The measure was voted down at the polls. (“Backers of Enlarged Council Vow to Try Again: Biggest Disappointment Goes to Baumann and City Hall Democrats,” Columbus Dispatch, May 8, 1968). After the loss, the chief proponent, Democrat James Baumann said “Every citizen deserves representation on council and Columbus will find a way to achieve this goal,” and fellow Democrats M.D. Portman and Jerry O’Shaughnessy immediately agreed. City Hall Democrat Utilities Director William Brooks said about the opposition, “The Republicans are a well disciplined organization. They follow their party chairman—like sheep.”
According to the Dispatch, “the amendment was generally successful in Negro precincts, but not by the margin hoped for. O’Shaugnessey believed a portion of the negative vote may have been due to “…a certain amount of white backlash … a fear of some whites that Negroes would be on council.”
However, the Republican Party Chair Schneider said his party would pledge “ to present a Negro candidate for council next year when three at-large seats will be up for grabs ‘…if we can find the right man.’” (Dispatch, “Backers of Enlarged council…”). And indeed, in 1969 Democrat Dr. James Rosemond was elected to council – the first Black in 55 years since the at-large charter was adopted. Rosemond remains the only Black Democrat initially elected to council in 105 years (Republican Jennette Bradley was initially elected in 1991).
To get around the failure of Black Democrats at the polls, every other Black council person since 1969 has initially been appointed to office to fill a vacancy, then runs for the first time as an incumbent with full support of the political party and money from big business interests and wealthy White individuals. In short, votes from the Black community are irrelevant to the initial appointment, party endorsement, and big donations.
By 1975, the first African American councilmember, Dr. Rosemond, proposed a ward led city council during his run for Mayor. Both he, and the measure, were defeated at the polls.

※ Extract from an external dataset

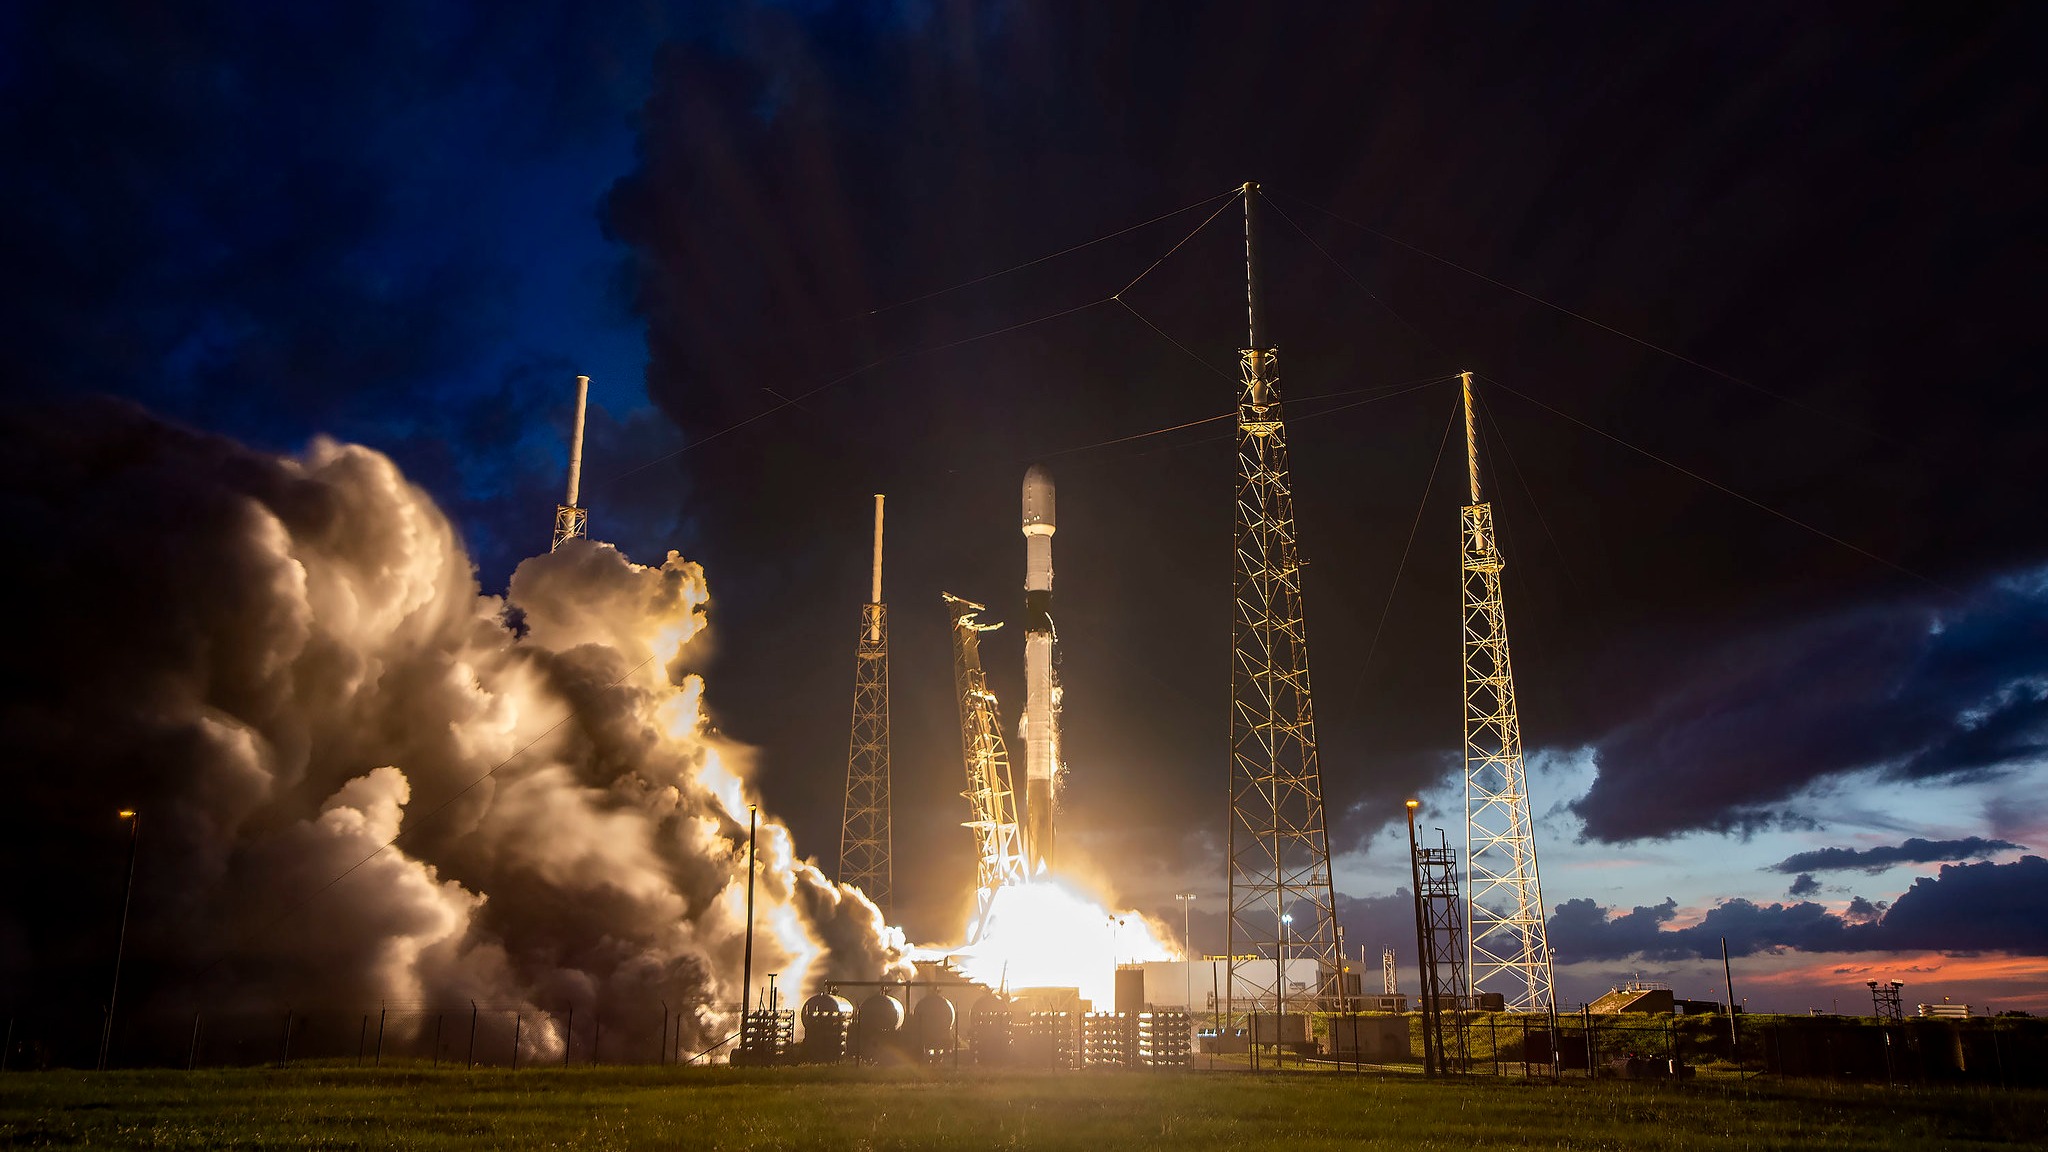 New rocket science course lets you learn about spaceflight online for free

This deliberate selection of Blacks to represent the Black community by Whites in power, and the troubling supplanting of the latent voting power of the Black community by political insiders and big money has been apparent for decades. Writing about the 1981 election campaign between Ben Espy and Earl Bradley, Dave Garrick wrote for Columbus Monthly, saying: “When Rosemond announced he would not be seeking a third term … it was a foregone conclusion that both political parties would seek election of a black councilman to take his place…what is surprising is that both parties chose candidates who have no discernable base of support in the traditional black political community” (“Seeking a ‘Black Seat’ on City Council,” Dave Garrick, Columbus Monthly , January 1981). The article continues, saying “and thus far, neither candidate has managed to generate a groundswell of support in the black community.”

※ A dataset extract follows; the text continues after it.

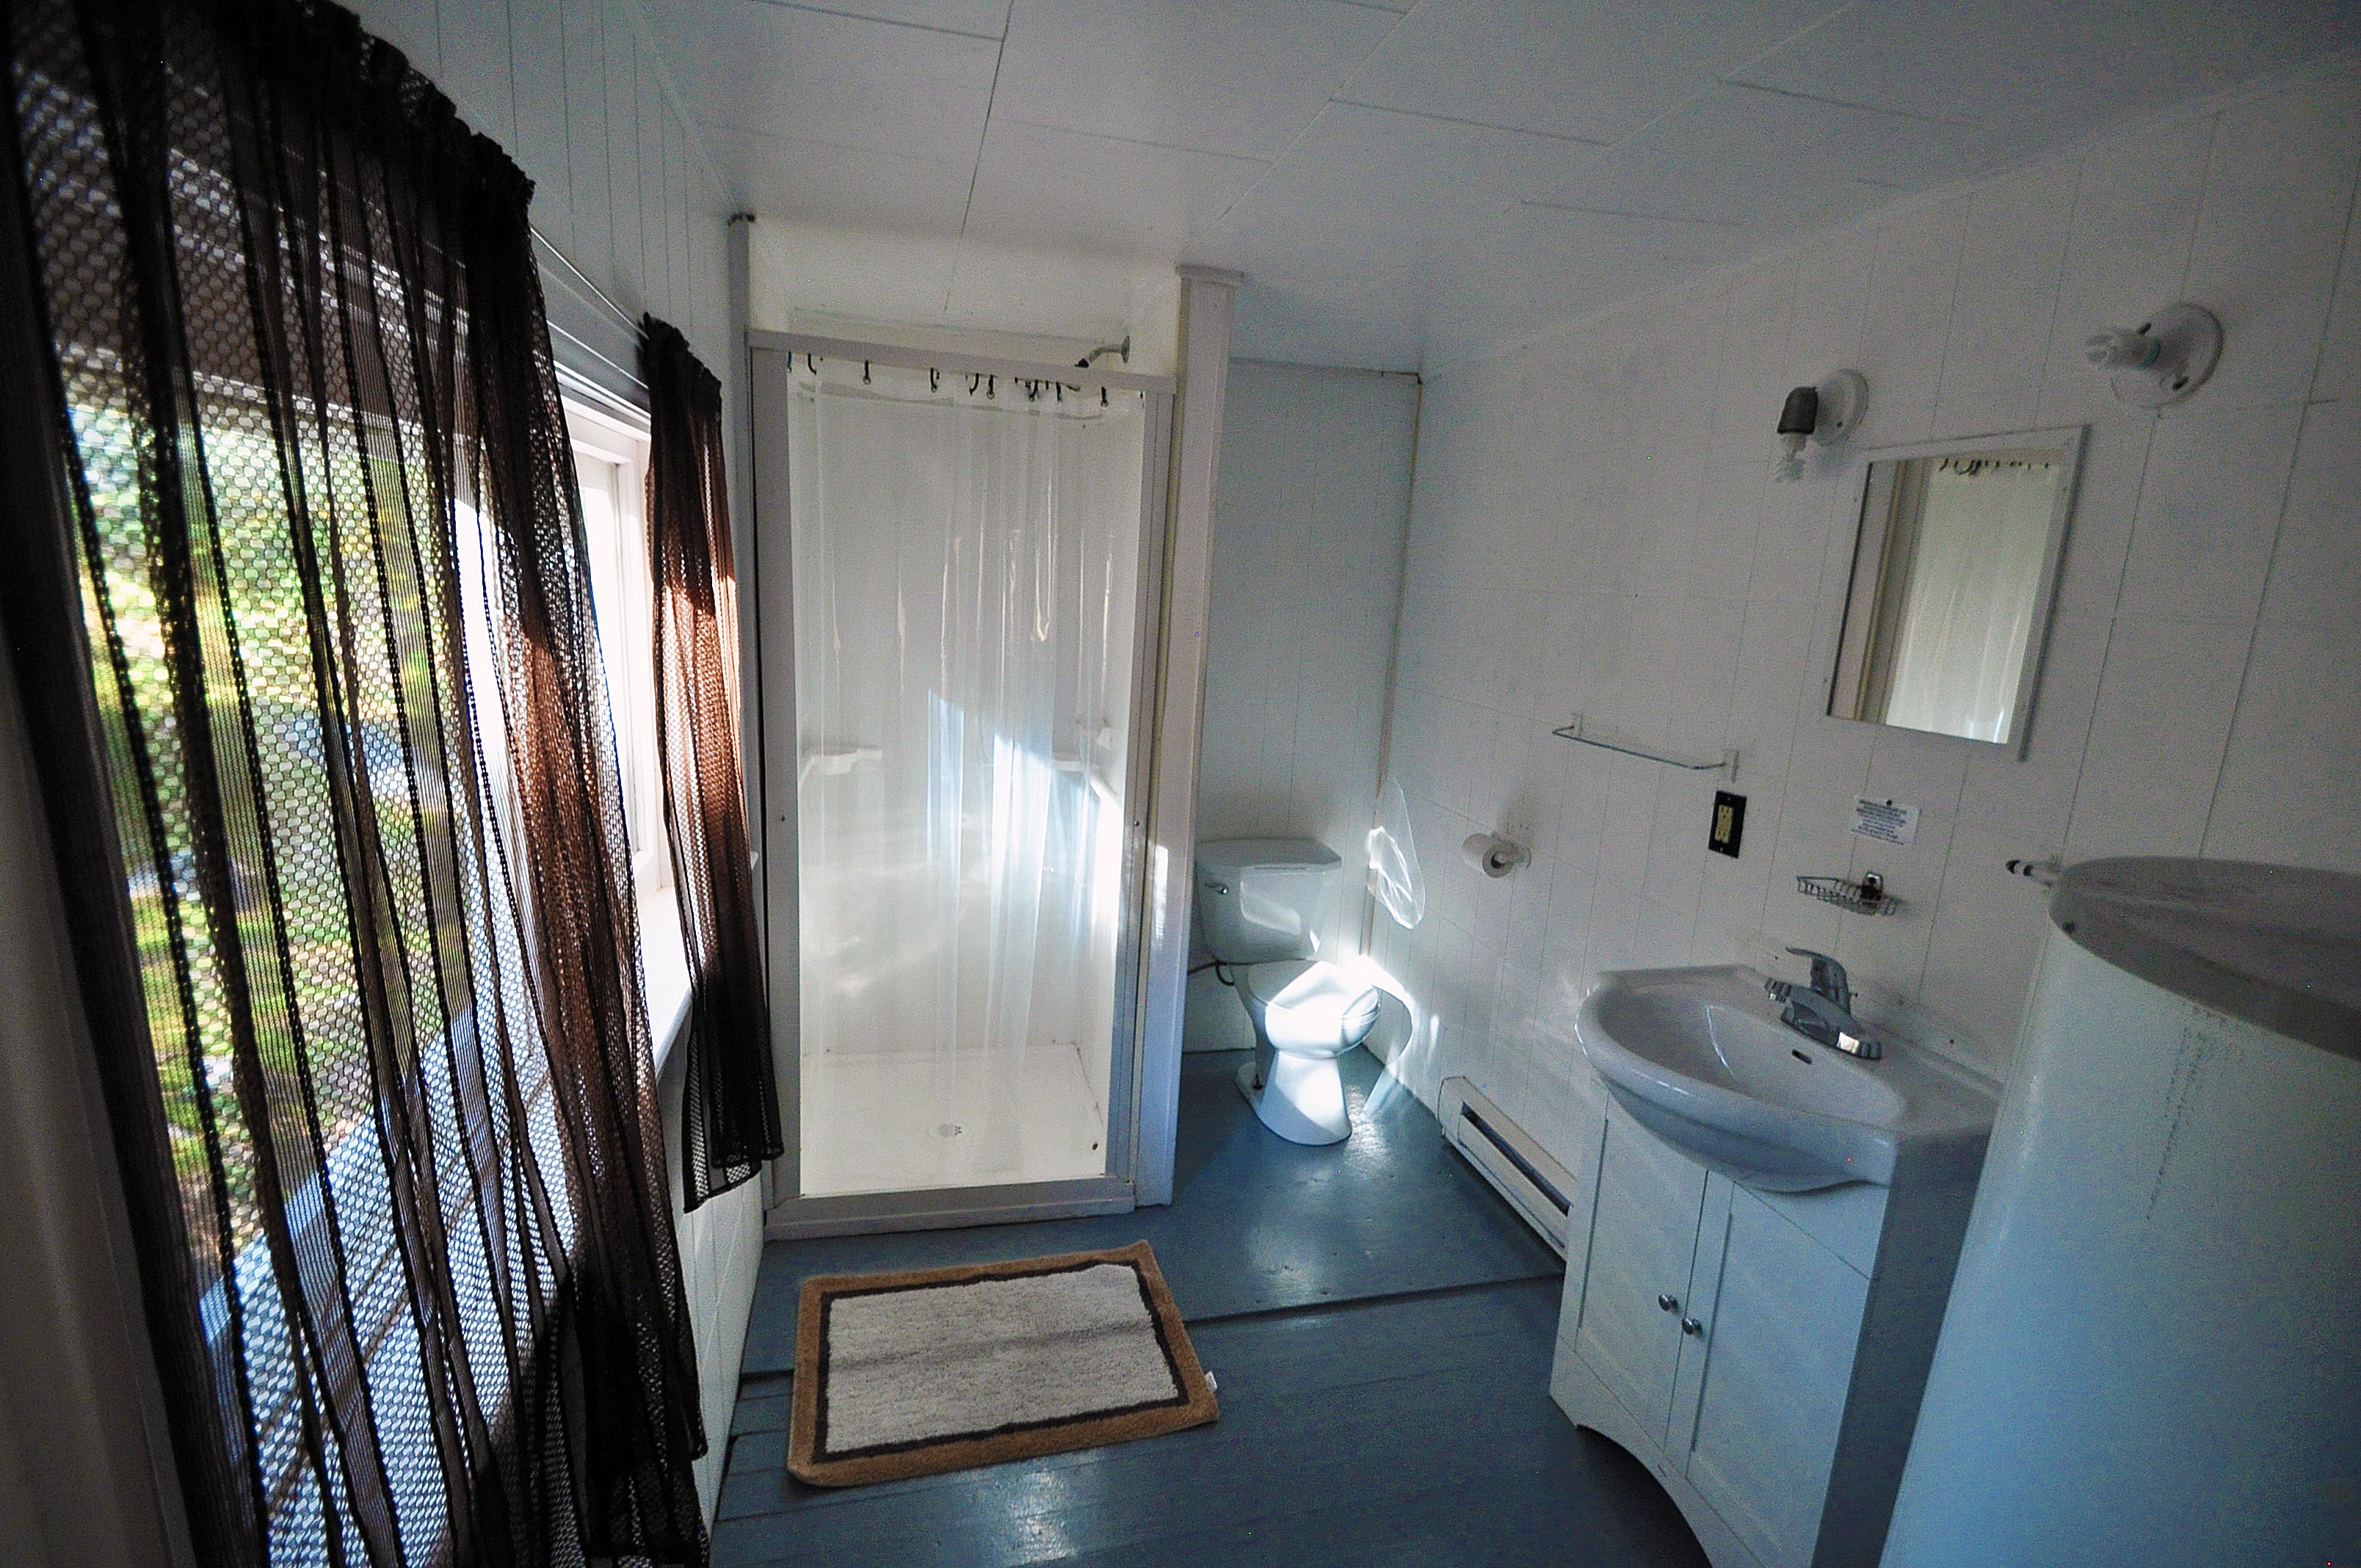 Cabin 15 - bathroom with shower.

Khari Enaharo, a Driving Park community leader said in that 1991 article, “it’s almost like a hopelessness that sets in once somebody continuously picks for you who will represent you” (p. 114). Candidate Ben Espy was quoted as saying “The problem… is that the present city government is not structured in a way that makes it easy to identify needs on a neighborhood basis. ‘there is no way that a councilman elected at-large can be attuned to all areas of the city without some vehicle designed to assist him’” (p. 120). The article explained, “Normally, a Black Democrat can count on piling up a lot of votes in the black wards. Espy, no doubt, will do well there. But how well will depend on how much enthusiasm he can generate among fellow blacks. That enthusiasm has been slow developing.”(p. 121)
In exposing the conflicts involved in the selection of Espy, the article says “The hottest issue in the black community in recent years has been alleged police brutality against blacks, and some blacks question how responsive Espy will be to their concerns since he has in the past served as legal counsel to the Fraternal Order of Police. Espy realizes that the fact that he has not been seen in black leadership circles in the city causes him a problem in the black community. But he feels he can overcome that. ‘In some parts of the black community, I think it is a fair comment to say that they don’t know me in term of their particular interest and need. I intend to make them know me.’” (p. 122)

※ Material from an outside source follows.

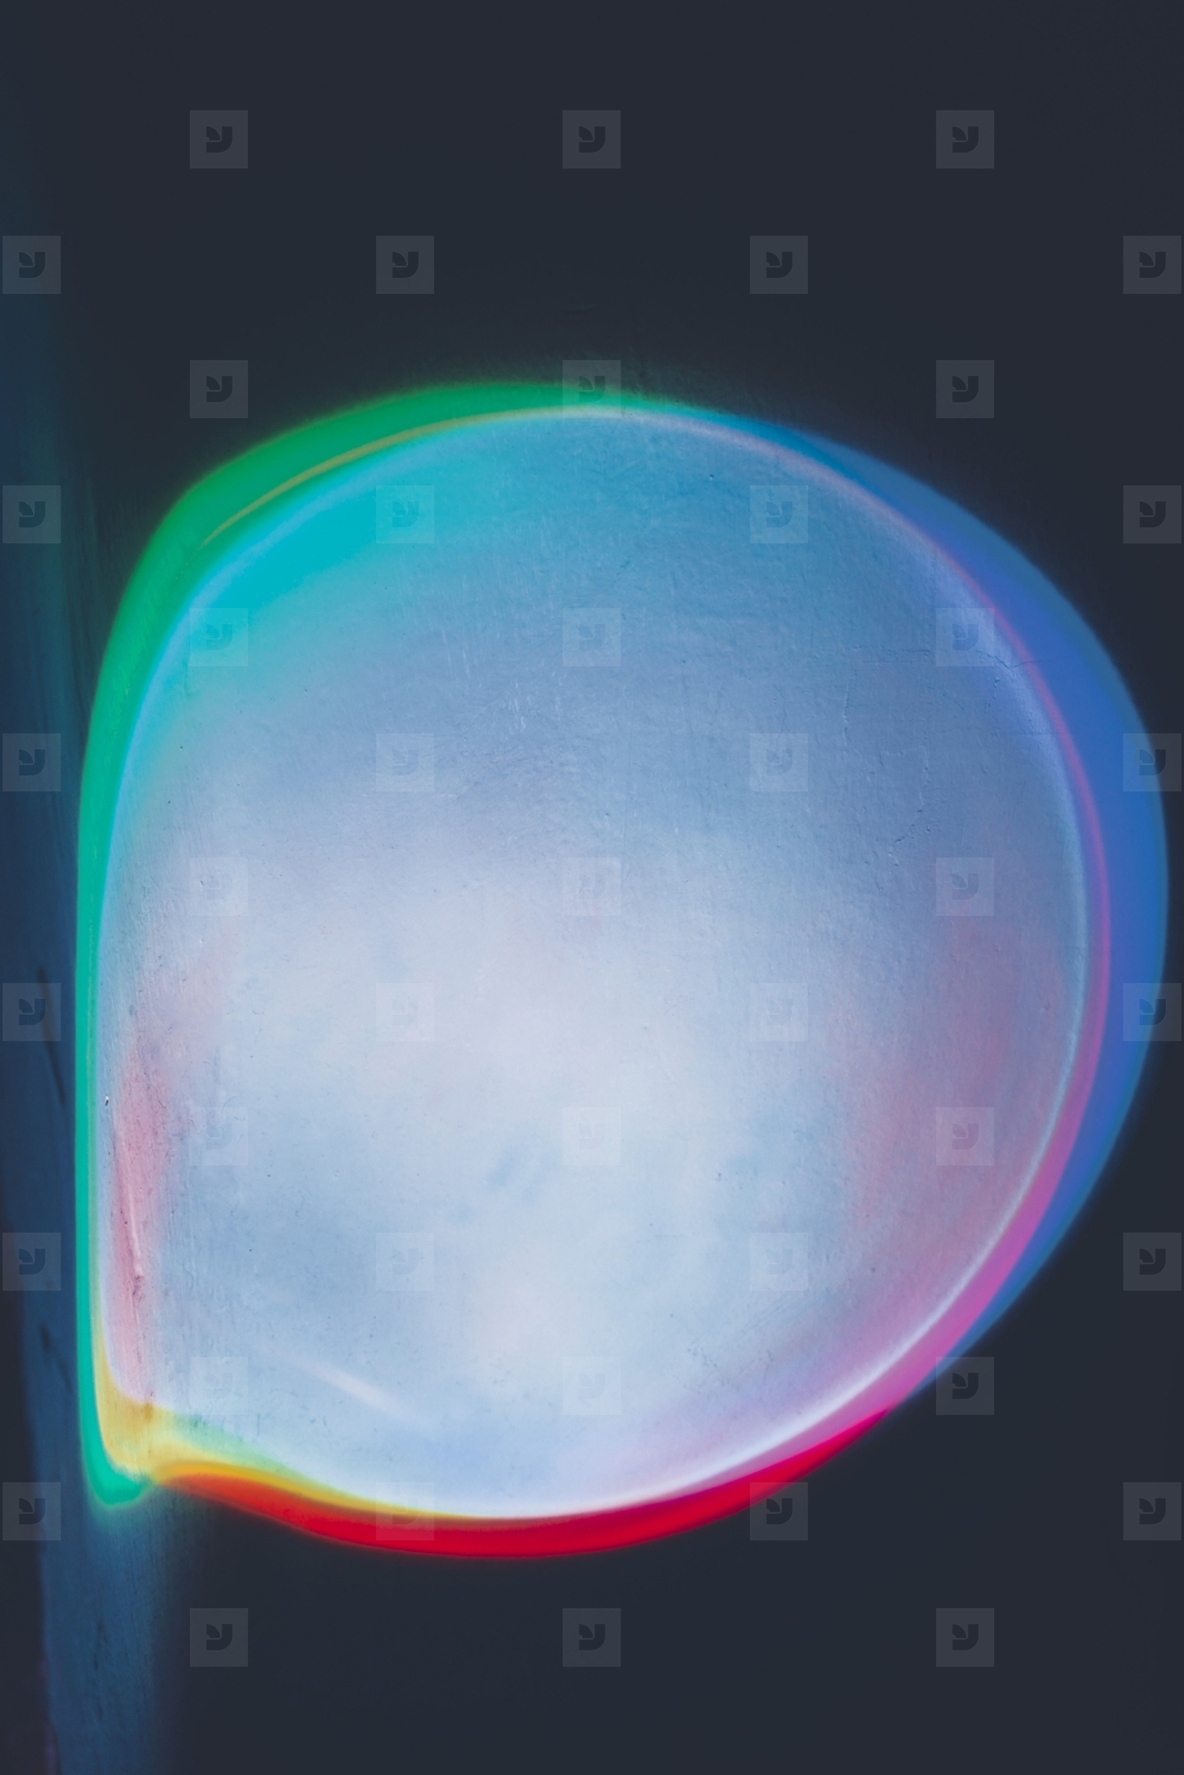 Abstract image of colorful shapes of light against black backgro

Espy, of course, went on to an illustrious political career ending as an Ohio State Senator. The question for Columbus is, why is it appropriate to select Black leadership for the Black community, rather than letting the Black community elect for itself?
The NAACP Legal Defense Fund has expressed concerns about Columbus’s at-large election, writing a series of letters to Columbus officials in 2017 and 2018 ( https://www.naacpldf.org/press-release/ldf-sends-letter-to-columbus-city-council-over-at-large-electoral-method ). In a November 17, 2017 letter to City Attorney Zach Klein, the LDF wrote ” In Thornburg v. Gingles, the U.S. Supreme Court recognized that ‘special circumstances, such as the absence of an opponent [and] incumbency,’ do not diminish the need for systemic reform. Consistent with that recognition, courts have found that appointments of minority individuals to elected positions in an at-large voting system may be indicative of impermissible vote dilution under Section 2. ”
The storied civil rights law firm founded by Thurgood Marshall visited Columbus on two occasions, meeting with dozens of people and organizations. However, not a single councilmember, or the city attorney, or official of the Franklin County Democratic Party would meet with the group or attend its public forum at the African and African American Studies Community Extension Center. This sees to be a shameful civil rights record for a majority Black city council chaired by an African American (Shannon Hardin). In fact, it was Hardin who then pushed in 2018 for an expansion of the at-large scheme, by pushing to the ballot a scheme where members beginning in 2024 would live in one of nine districts, but would continue to be voted upon at-large — again, a position at odds with Black political enfranchisement. I
And in 2018, seemingly predicting the irrelevance of Columbus voters to the appointment and promotion practices of the elite for Black politicians that follow the minority vote dilution script, Columbus Monthly wrote ” Since he was a kid, Shannon Hardin has been groomed to follow in the footsteps of his mentor, former Columbus Mayor Mike Coleman” (“Who’s Next: Shannon Hardin, Columbus City Council President”, Dave Ghose, Columbus Monthly, January 23, 2018).
The NAACP Legal Defense Fund wrote in its November 17, 2017 letter: “Indeed, Columbus has been reputed to have informally recognized a ‘Black male’ seat (occupied initially by James Roseboro and Jerry Hammond, for which, after Ben Espy resigned, Michael Coleman, Fred Ransier, Kevin Boyce, Troy Miller, and Shannon Hardin – all Black males, were subsequently appointed). In recognizing the history of the city council making mid-term appointments of Black men to that seat, Franklin County Democratic Party chairman Dennis White said: “they’ve had a tradition of doing that, and it seems as if that has worked out.”
Columbus has maintained the illusion of inclusion, through its appointment of Blacks to city council. That practice — essentially selling out the sacrifices of Bloody Sunday for individual political gain — thwarts the very goals of the Voting Rights Act of 1965, which is designed to empower the Black electorate, not promote the careers of Black politicians. It is past time to stop this shameful practice of at-large elections. Black History is not just a month in a year … it is on-going: Join us for change.